EDITORIAL, DIMADURA Putusan majelis hakim terhadap mantan teller BRI berinisial Novi dalam perkara kredit fiktif senilai Rp182 juta di BRI Cabang Sumenep memunculkan pertanyaan baru. Di balik vonis 3,5 tahun penjara terhadap terdakwa karena terbukti melakukan tindak pidana penipuan, kuasa hukum korban menilai masih terdapat pihak lain yang patut didalami perannya dalam perkara tersebut.

Sorotan itu mengarah kepada Account Officer (AO) bernama Ridwan dan pimpinan BRIGUNA BRI Sumenep saat itu, Desy Kusumayanti, yang oleh pihak korban dinilai memiliki peran penting dalam proses pengajuan hingga pencairan kredit yang belakangan dinyatakan bermasalah.

Kuasa hukum korban, Bayu Eka Prasetya, mengatakan putusan majelis hakim telah memperjelas fakta persidangan bahwa formulir pengajuan kredit yang ditandatangani korban berada dalam kondisi kosong.

"Di dalam putusan tersebut juga sudah jelas bahwasannya terkait persoalan formulir itu yang ditandatangani oleh korban itu kosong," kata Bayu, Kamis (25/6/2026).

Dalam persidangan, urai Bayu, sempat terjadi perbedaan keterangan antara terpidana Novi dan AO Ridwan terkait kondisi formulir yang ditandatangani korban.

Terpidana Novi menyebut korban menandatangani lembar kosong, sedangkan AO Ridwan menyatakan formulir tersebut telah terisi sebelum ditandatangani.

"Yang AO mengatakan berkas ini sudah ada isi, sementara Teller dan korban ini menjelaskan bahwasannya berkas tersebut kosong, nggak ada nominal apa-apa," katanya.

"Jadi korban ini tanda tangan, nggak tahu, nggak melihat nominal Rp182 juta itu di dalam formulir. Itu nggak ada, kosongan formulirnya itu. Nah, yang menjadi pertanyaan, siapa ini yang mengisi?" lanjut Bayu.

Menurutnya, fakta tersebut memunculkan pertanyaan mendasar mengenai siapa pihak yang kemudian mengisi nominal pinjaman sebesar Rp182 juta dalam dokumen tersebut.

Selain persoalan formulir kosong, Bayu juga menyoroti peran AO dan teller yang disebut terungkap dalam persidangan.

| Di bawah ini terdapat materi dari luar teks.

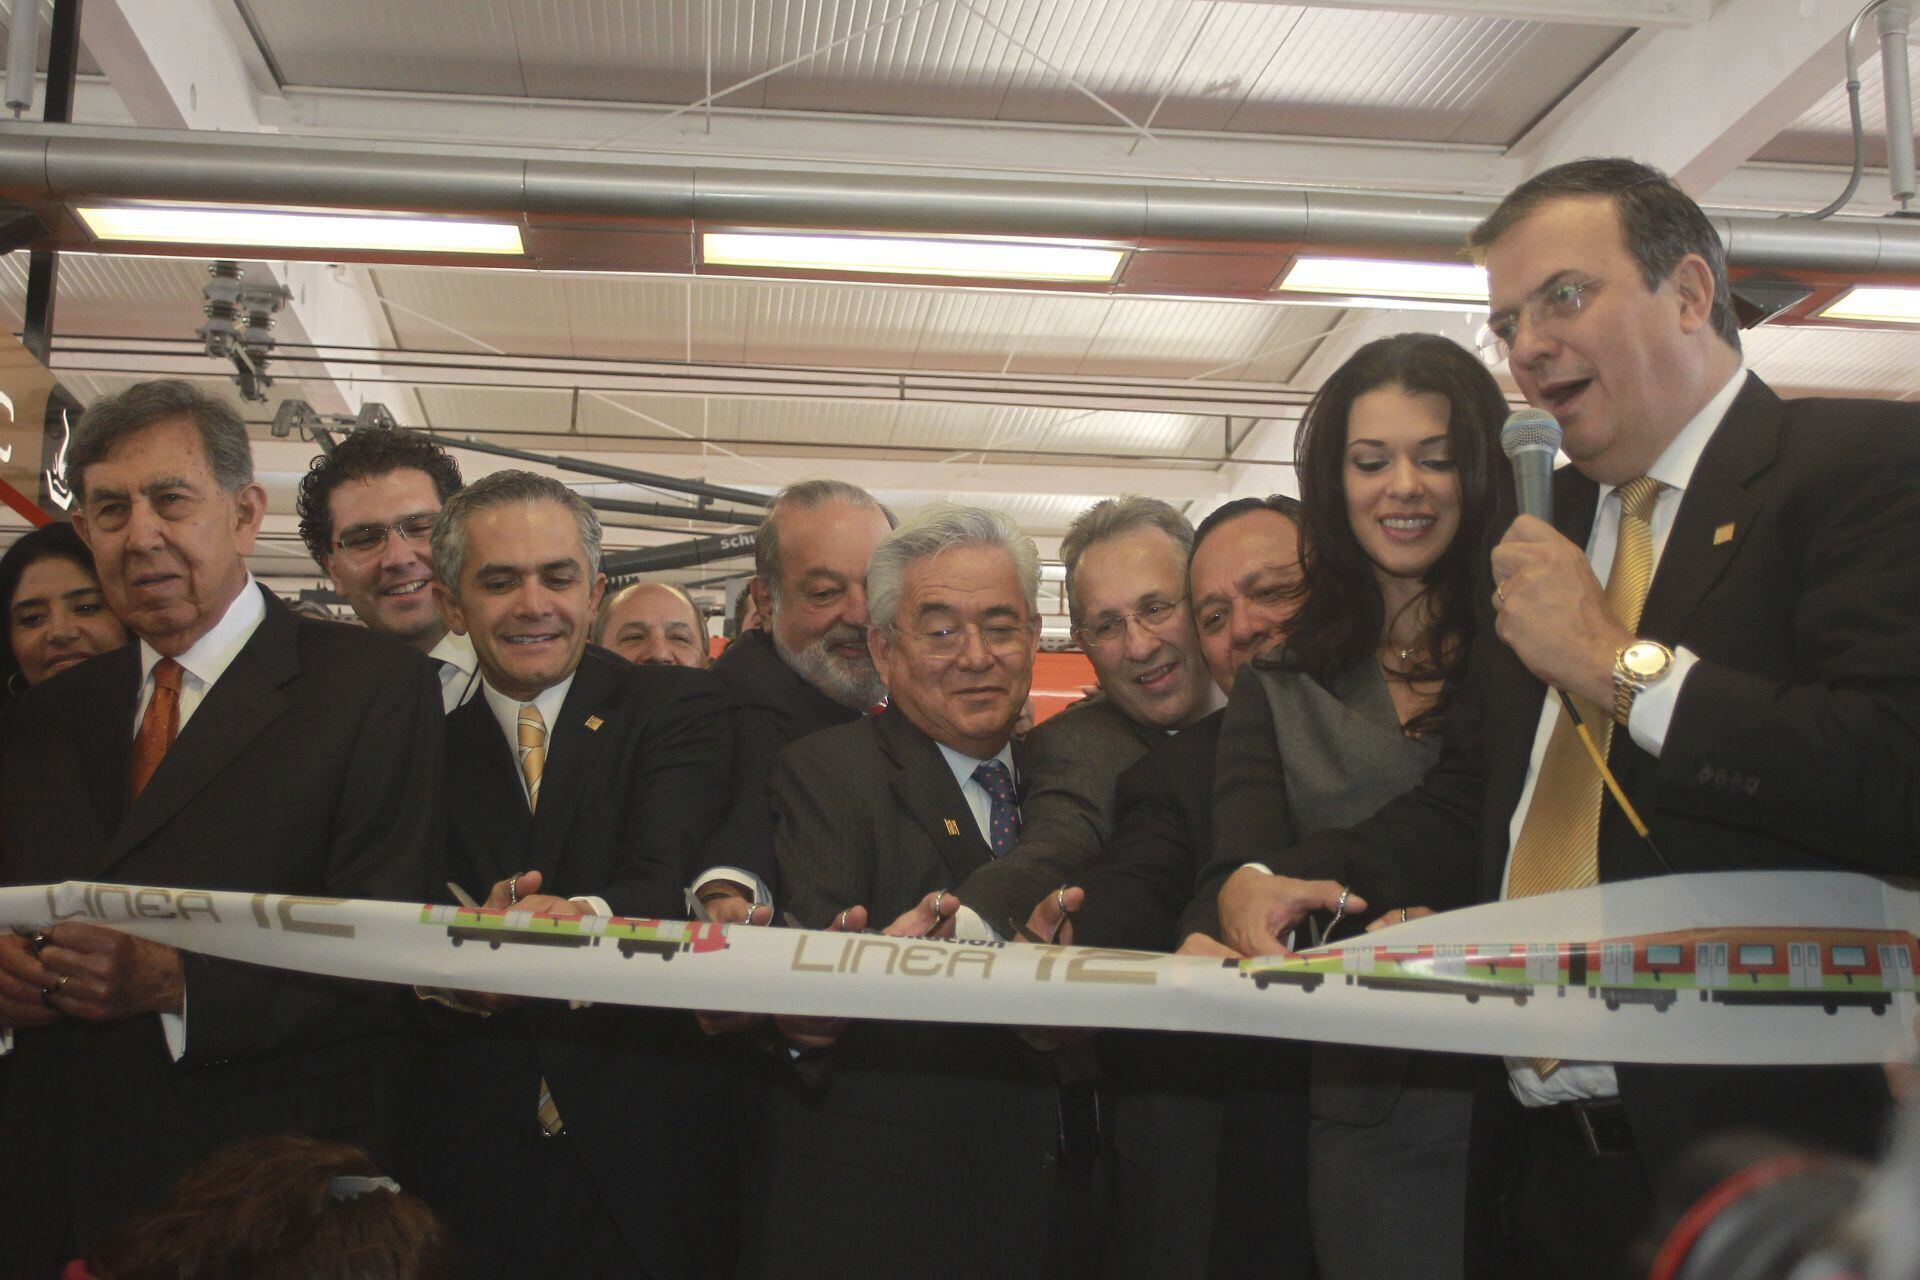 El corte del listón inaugural de la Línea 12 del Metro de Ciudad de México, en octubre de 2012.
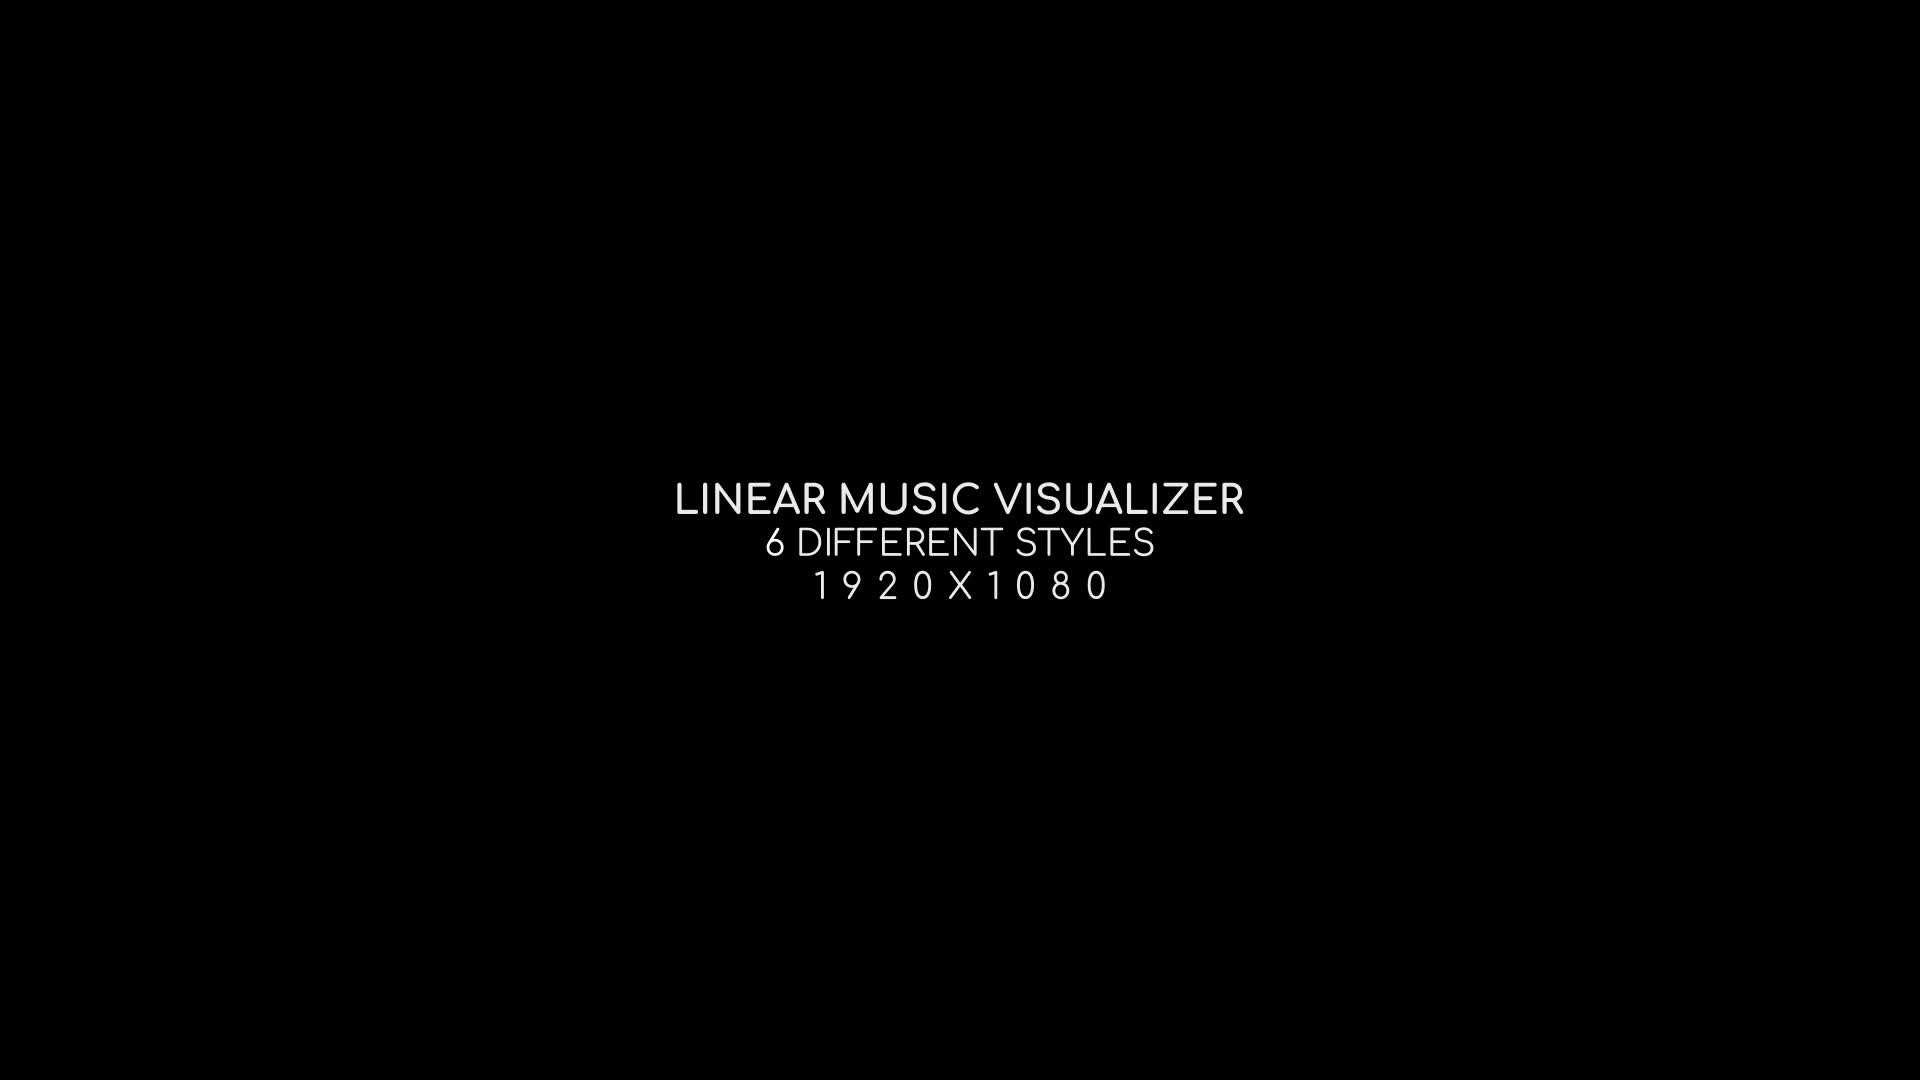 Chìa khóa để tạo ra một video đắm đuối và gợi cảm nằm trong âm nhạc của bạn. Với Linear Music Visualizer, bạn có thể biến các giai điệu nhạc trở thành những hình ảnh tuyệt đẹp và đầy sáng tạo.

"Terkait peran AO dan juga peran Teller di putusan, juga sudah jelas, bahwasannya AO ini memberikan berkas kepada Teller, yang sebenarnya itu telah melakukan pelanggaran besar, sehingga mengakibatkan kerugian seseorang," katanya.

Akibat kredit tersebut, korban harus menanggung pemotongan gaji setiap bulan selama masa angsuran 14 tahun. Hingga saat ini, pemotongan itu disebut telah berlangsung hampir tujuh tahun.

Atas dasar fakta di atas, Bayu mengaku curiga kuat ada keterlibatan pihak lain di luar terpidana Novi.

"Ada dugaan besar keikutsertaan AO dan juga tindakan kelalaian yang dilakukan pimpinan BRIGUNA. Itu mungkin nanti oleh penyidik, oleh aparat penegak hukum itu bisa diperdalam lagi," ujarnya.

Pihaknya bahkan telah melayangkan permohonan pengembangan perkara kepada penyidik Polres Sumenep beberapa hari lalu dengan nomor LP/B/176/VIII RES.1.11/2020/RESKRIM/SPKT/POLRESSUMENEP.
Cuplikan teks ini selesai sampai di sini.